We know that if we want to construct a space with a given fundamental group $G$ ,we can use cells and attaching maps, or fundamental domains and attaching maps, as in : How to determine space with a given fundamental group.
But there is a different way: if $M$ is, I think a manifold, and $G$ acts proper-discontinuously on $M$, then the quotient $ M/G$ has $G$ as a fundamental group. EDIT: As Seirios points out, $M$ may have to be simply-connected.

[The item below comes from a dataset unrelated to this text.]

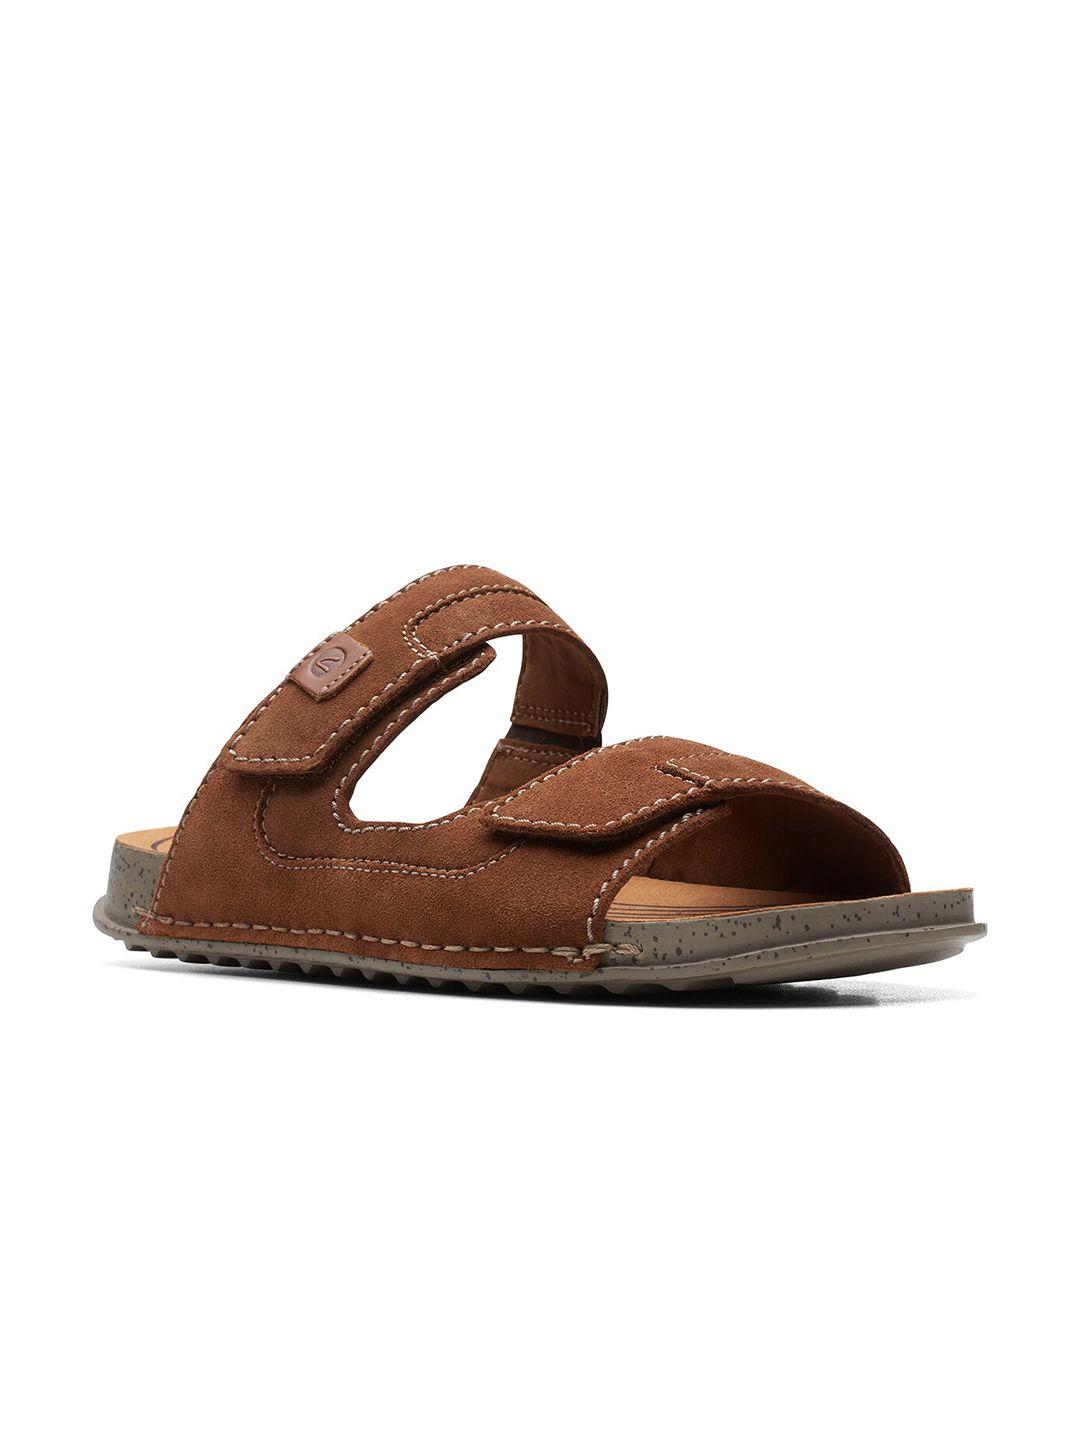 clarks men leather comfort velcro sandals

Now, can we always do this for any group $G$, i.e., can we always construct a space with fundamental group $G$ by defining a proper discontinuous action $M/G$? Can we always find $M$ so that the action is of the necessary type? Thanks.
You don't need any hypotheses on $M$. For any topological group $G$, we can construct a weakly contractible space $EG$ on which $G$ acts freely. The resulting quotient $BG$ is called the classifying space of $G$, and when $G$ is discrete it is an Eilenberg-MacLane space $K(G, 1)$, and in particular has fundamental group $G$. Both $EG$ and $BG$ can be constructed using the bar construction.
If you want $M$ to be a reasonable manifold then there are some size conditions on $G$: in particular, if you want $M/G$ to be a closed manifold then $G$ must be finitely presented. With this caveat, as Mike Miller says in the comments, it's known that any finitely presented group occurs as the fundamental group of some closed $4$-manifold, and you can take $M$ to be its universal cover.